Modern molecular and taxonomic advances have led scientists to base classification of living beings in very specific ways. I won’t further delve into the subject, but I will say that oysters and other animal species are not comparable to plants. The plant and animal kingdom are separate for good reason regardless of what supporters of bivalve eating in the vegan community will have you believe. One of the most important differences is that plants do not have a nervous system while bivalves do.

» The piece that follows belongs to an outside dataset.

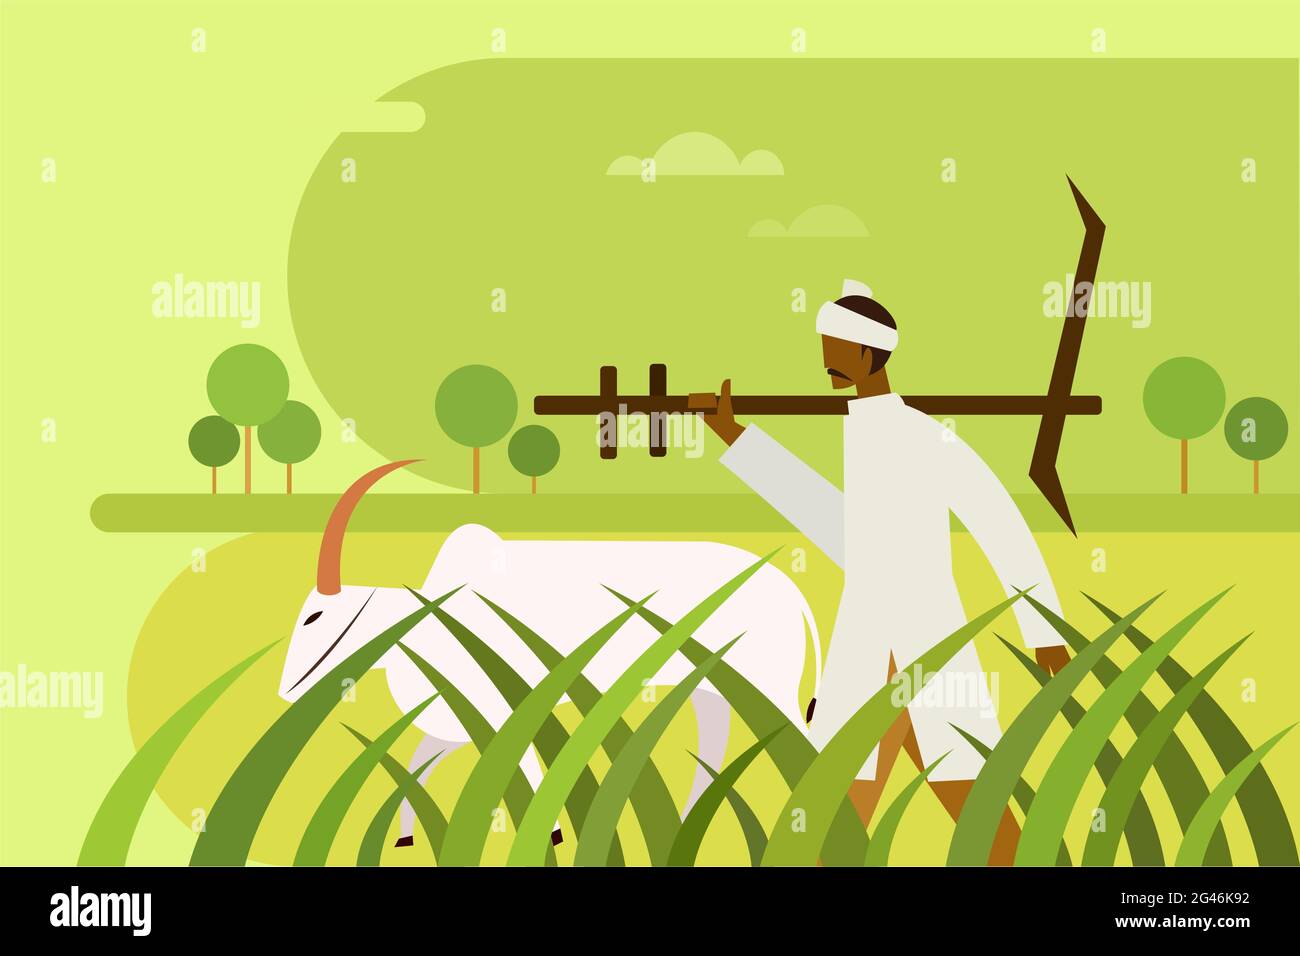 Der Bauer mit einem Pflug geht mit einem Farmer durch das landwirtschaftliche Feld Stock Vektor

The same bivalve eating individuals claim that mussels and oysters are not sentient because they do not have “brains,” and while it is true that mussels and oyster do not have a brain in the sense that you or I do, they do have ganglia. Ganglia, in simple terms, is basically their form of a brain — how they get their systems to function and respond when they need to. Yes, invertebrates have much simpler nervous systems than vertebrates, but they still have nervous systems. How developed their nervous system depends on the species. More importantly, their form of a nervous system allows them to respond to their living conditions and survive in them.
“Most, if not all, invertebrates have the capacity to detect and respond to noxious or aversive stimuli. That is, like vertebrates, they are capable of ‘nociception” (Smith 1991). Responses to negative stimuli, such as pain, which is very subjective depending on the individual, can indicate that something more than a simple nociceptive reflex is involved. Together, they may help the animal to recover from damage caused by the painful event and avoid being harmed in the future” (Smith 1991). While invertebrates probably do not feel pain in the same way humans do, Smith stated that, the issue isn’t closed. He further stated that, “Mather (1989) suggests, we should simply accept that these animals ‘are different from us, and wait for more data.’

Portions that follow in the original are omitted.